9 Parenting Hacks That Got Me Through 10 Years With 4 Kids

by Dani Bostick
Updated: 
Originally Published: 
parenting hacks
tatyana_tomsickova / iStock

When I was 27, my twins were born. My oldest was not yet 4, and my middle child was just 19 months old. Now, the twins are 11, my prototypical middle child is 12, and my oldest is 14. Finally out of the New Mom Fog (yes, it took me about 10 years to emerge), I’m realizing some of the parenting hacks I was most proud of were just plain weird.

All moms put a unique spin on parenting and end up normalizing practices that others would consider bizarre. Here are a few of the brilliant ideas and practices I came up with before I emerged from the fog:

1. Pre-Chewing My Kids’ Food

Nursing a baby (or two)? Another kid complaining their food is hard to chew? Bring it here! I’ll pre-chew it! Thankfully, the kids don’t remember thanking me as I pulled the softer, partially digested food out of my mouth as if I were raising baby birds and not little humans.
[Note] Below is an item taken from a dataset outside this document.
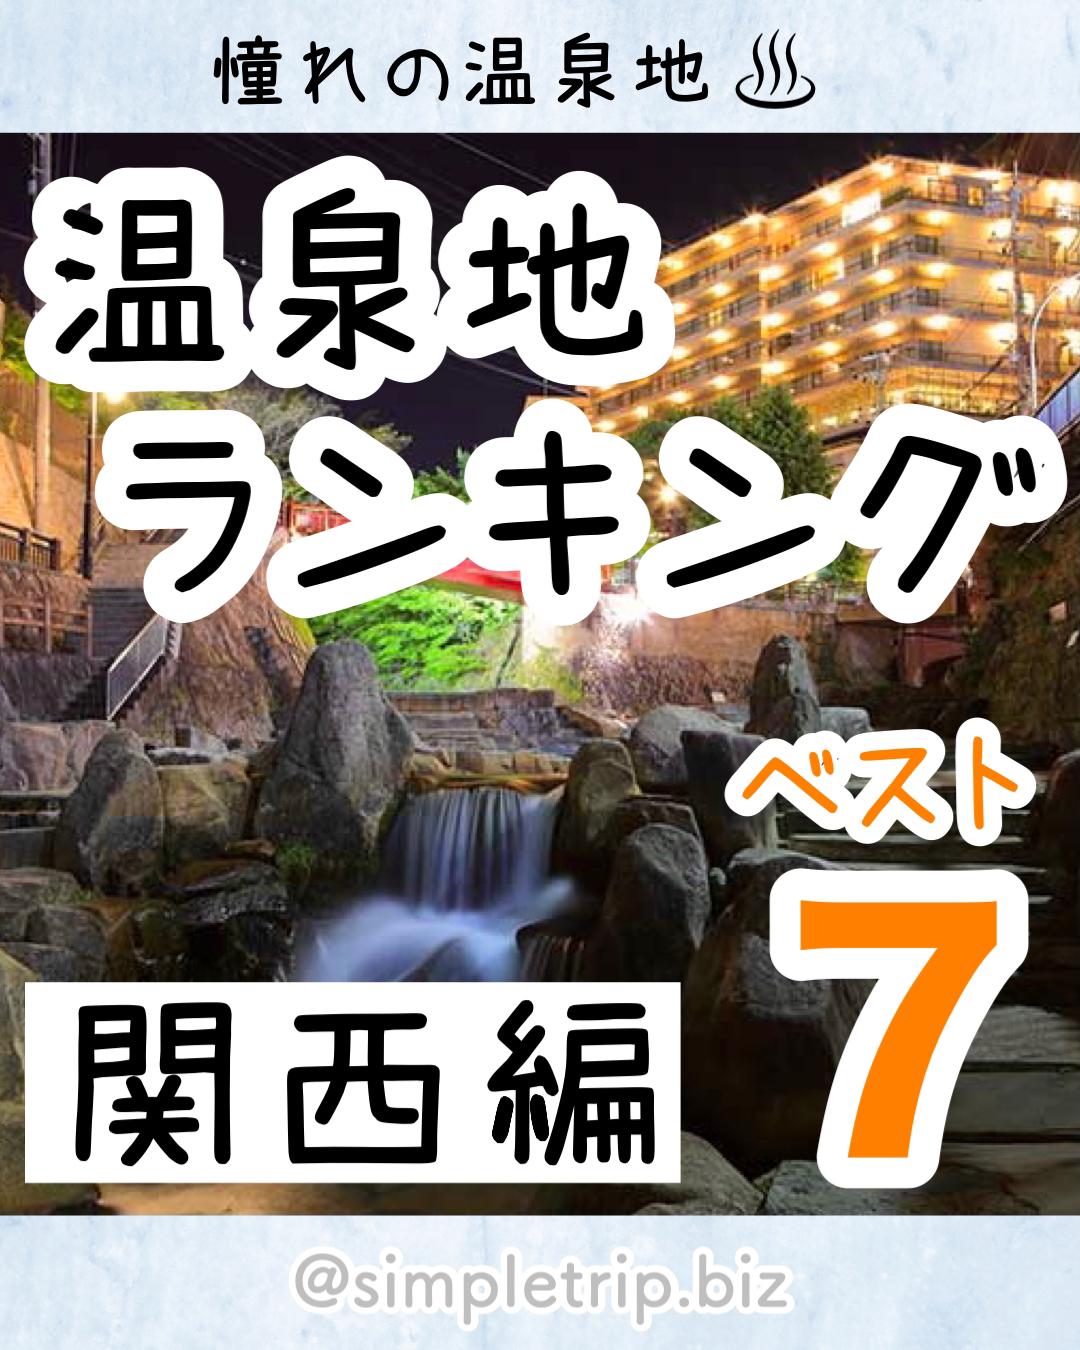 関西の温泉地ランキング ベスト7 もえとりっぷが投稿したフォトブック Sharee

2. Using the Bathtub as a Dental Hygiene Trough

With one small bathroom for four kids and me, my solution to the nighttime tooth-brushing nightmare was to line my kids up along the bathtub and have them brush their teeth simultaneously. No need for step stools, and more importantly, I didn’t need to worry about my littlest ones flinging themselves headlong down the stairs while I was helping someone else in the bathroom.

3. Buying Socks Wholesale

If New Mom Fog had faded sooner, I would have realized that 10-year-olds deserve to have socks they call their own. Instead, I kept a bucket of one-size-pretty-much-fits-all-of-my-kids socks near the front door. All of the socks were the same, so even if the dryer ate a few, there were plenty left. And I didn’t need to nag the kids about finding matching socks. Now that they can have their own socks, they are all sock hoarders and refuse to ever wear matching socks.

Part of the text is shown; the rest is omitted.